Let the pair \(\left( e^{a}, \omega ^{ab} \right) \) describe a background geometry as independent degrees of freedom. On this background spacetime we place independent perturbations \(H^{a}\) and \(u^{ab}\) such that the new, perturbed geometry can be described by the pair \(\left( \bar{e}^{a}, \bar{\omega }^{ab} \right) \), with
$$\begin{aligned} e^{a} \mapsto \bar{e}^{a}&= e^{a} + \frac{1}{2}H^{a}, \end{aligned}$$
(10)
$$\begin{aligned} \omega ^{ab} \mapsto \bar{\omega }^{ab}&= \omega ^{ab} + u^{ab}. \end{aligned}$$
(11)
The vielbein perturbation, being a one-form, can be written as \(H^{a} = H^{a}_{\,\, b} e^{b}\), where \(H^{ab}\) is a zero-form. The antisymmetric part of \(H^{ab}\) corresponds to an infinitesimal local Lorentz transformation on \(e^{a}\), which does not change the spacetime metric. This means that, without any loss of generality, we can restrict \(H^{ab}\) to be symmetric, \(H^{ba} = H^{ab}\). (See Appendix B for further details on why this can be done).

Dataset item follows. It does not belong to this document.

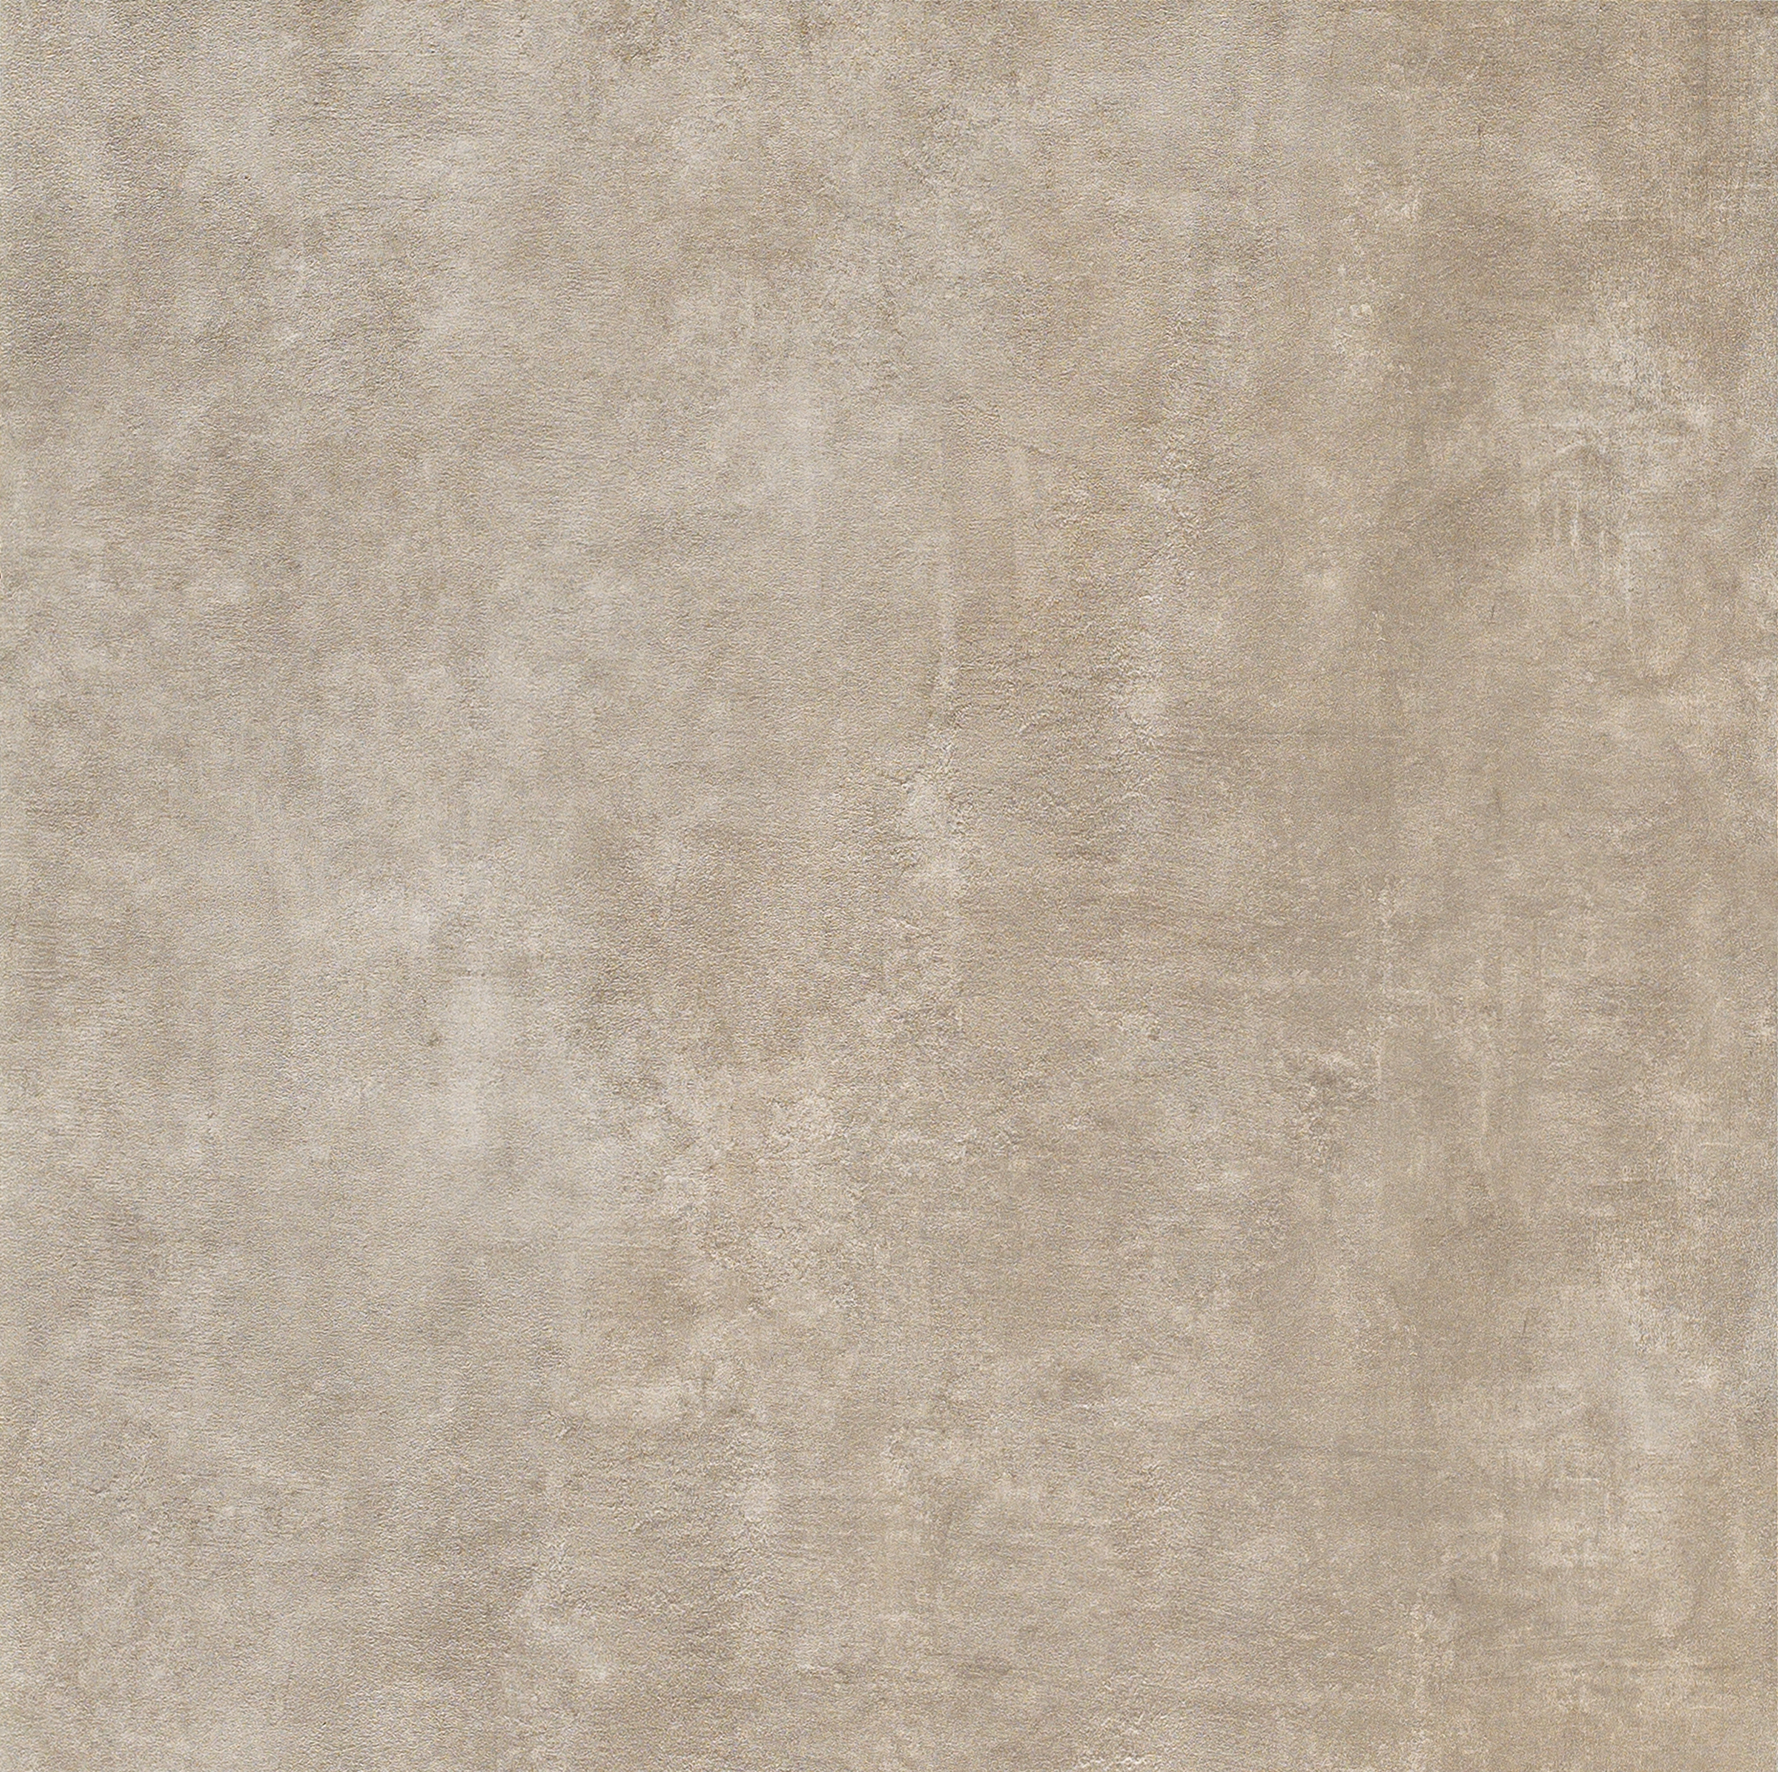 Unicom Starker 2Thick Icon Taupe Back Outdoor 7820 80x80cm rectified 20mm
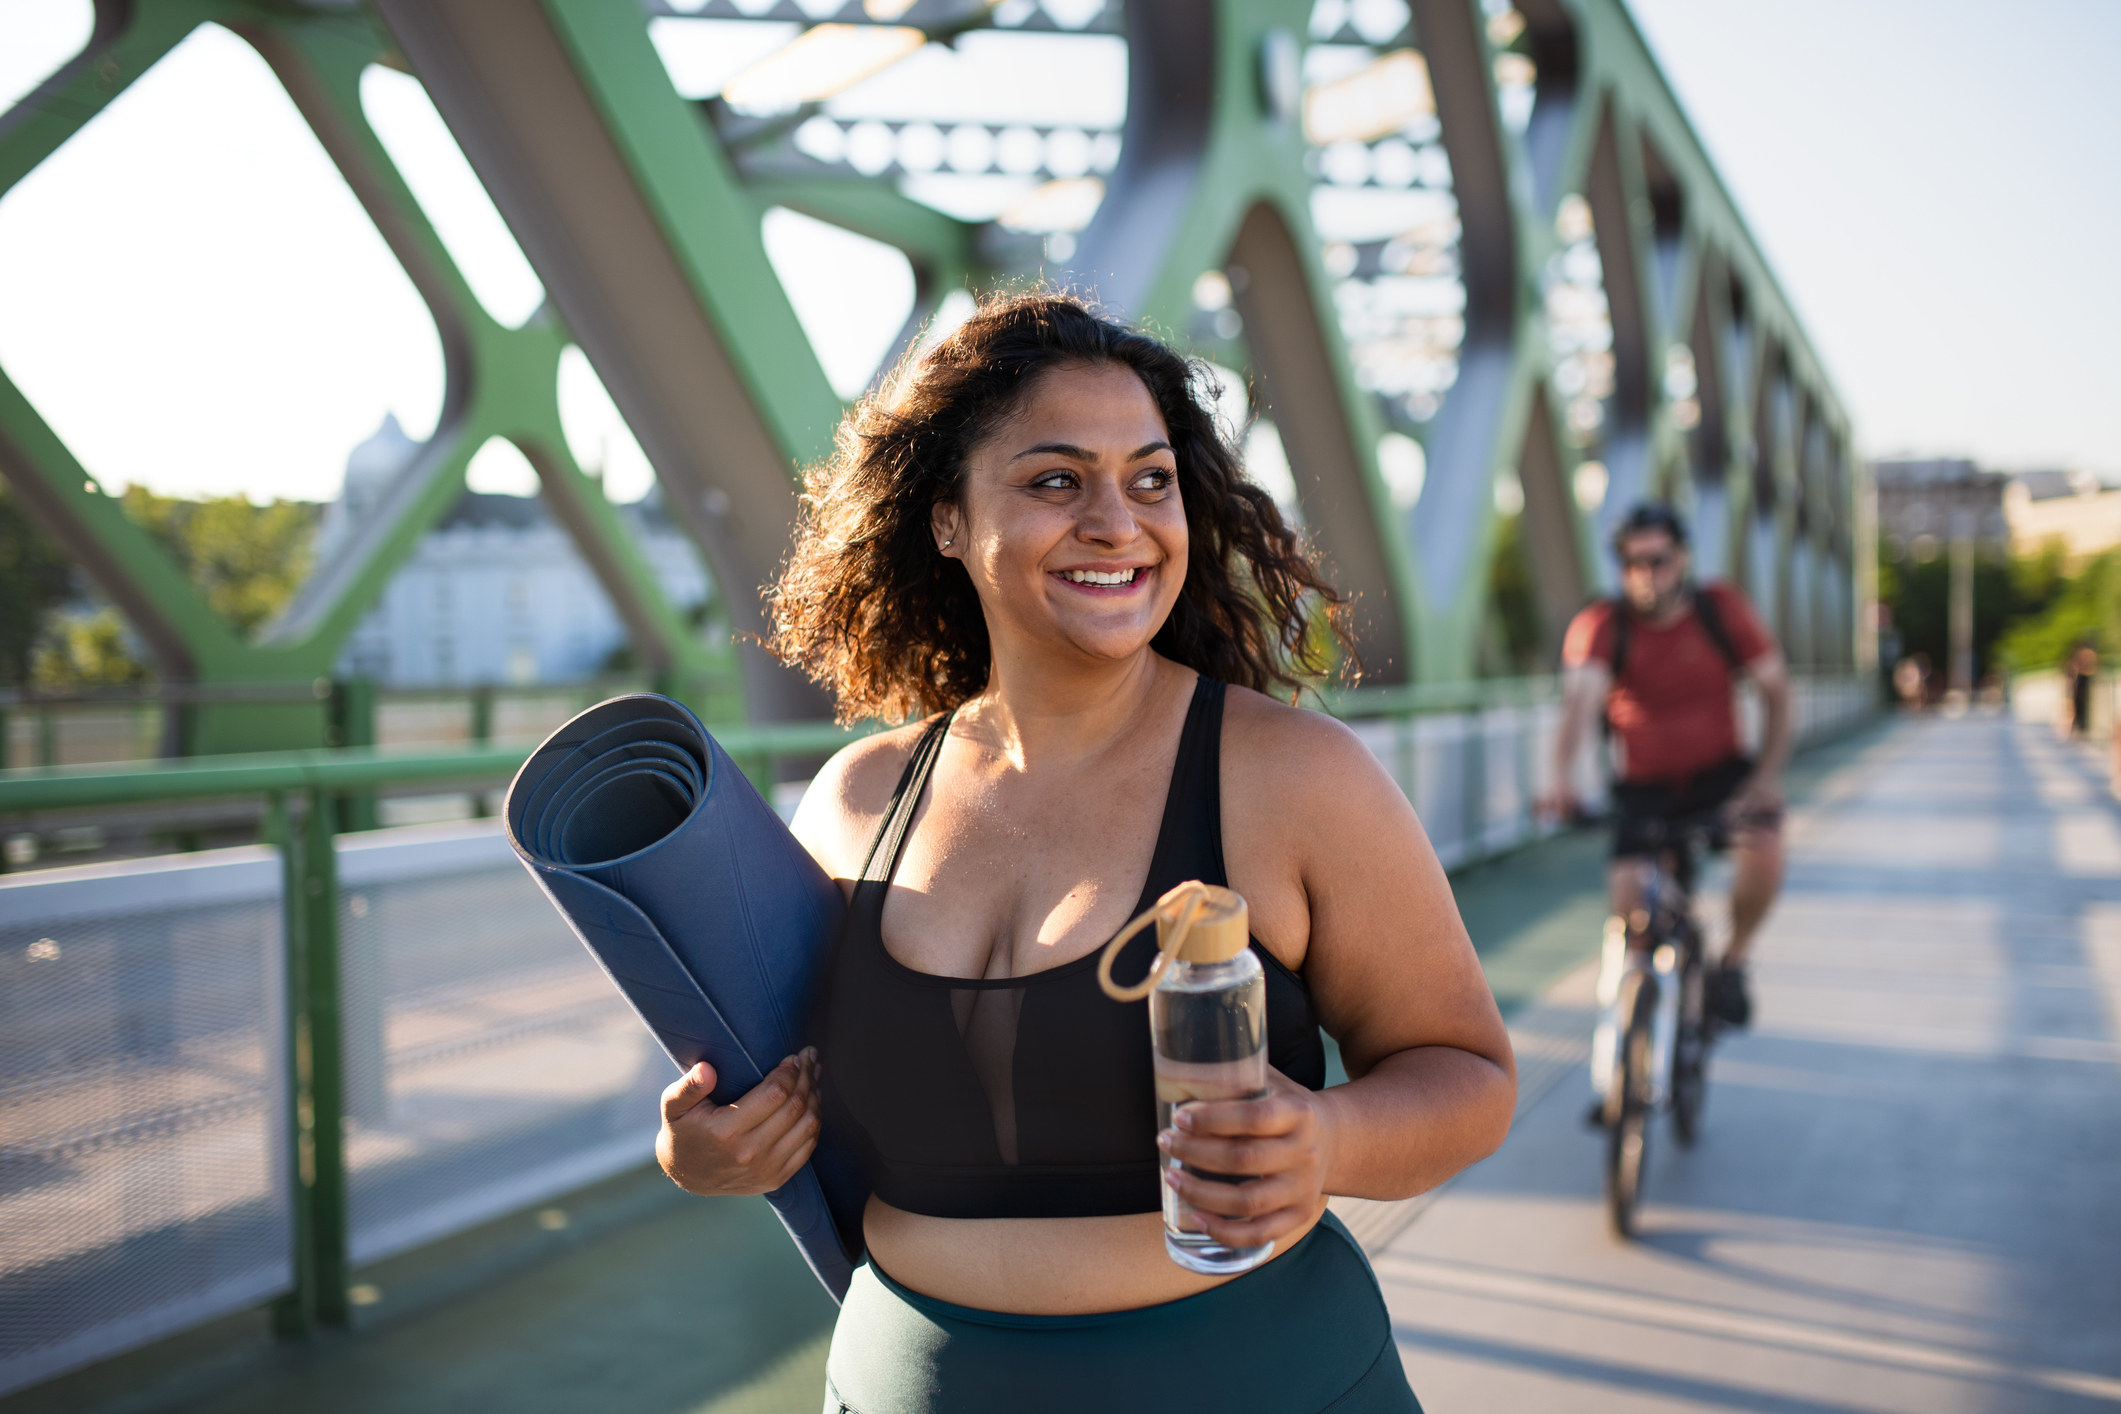 A woman walks home from a workout class with a yoga mat and a water bottle

Let us write the perturbation on the spacetime metric as
$$\begin{aligned} g_{\mu \nu } \mapsto \bar{g}_{\mu \nu } = g_{\mu \nu } + h_{\mu \nu }. \end{aligned}$$
(12)
If \(g_{\mu \nu }\) and \(\bar{g}_{\mu \nu }\) are each related to \(e^{a}\) and \(\bar{e}^{a}\) through Eq. (3), then the metric and the vielbein perturbations are related by
$$\begin{aligned} h_{\mu \nu } = H_{\mu \nu } + \frac{1}{4} H_{\lambda \mu } H^{\lambda }_{\,\, \nu }, \end{aligned}$$
(13)
where \(H_{\mu \nu } = H_{ab} e^{a}_{\,\, \mu } e^{b}_{\,\, \nu }\). The inverse relation can be written as the series
$$\begin{aligned} H^{a}_{\,\, \mu } = h^{a}_{\,\, \mu } - \frac{1}{4} h^{a}_{\,\, \rho } h^{\rho }_{\,\, \mu } + \frac{1}{8} h^{a}_{\,\, \lambda } h^{\lambda }_{\,\, \rho } h^{\rho }_{\,\, \mu } + \cdots . \end{aligned}$$
(14)
In particular, this means that even if \(h_{\mu \nu }\) and \(H_{\mu \nu }\) differ at the quadratic level, they are but two equivalent ways of parametrizing the same (metric) degrees of freedom.

Having established the relation between the metric and the vielbein perturbations, the following course of action presents itself to us. Let \(L = L \left( e^{a}, \omega ^{ab} \right) \) be the four-form Lagrangian density which defines the theory, so that its field equations can be written as \(\delta L / \delta e^{a} = 0\) and \(\delta L / \delta \omega ^{ab} = 0\). By replacing Eqs. (10)–(11) into the field equations, one might attempt to solve \(\delta L / \delta \omega ^{ab} = 0\) for \(u^{ab}\) and replace the result in \(\delta L / \delta e^{a} = 0\), thus eliminating \(u^{ab}\) from consideration. Experience shows this course of action to be an algebraic nightmare even in simple cases.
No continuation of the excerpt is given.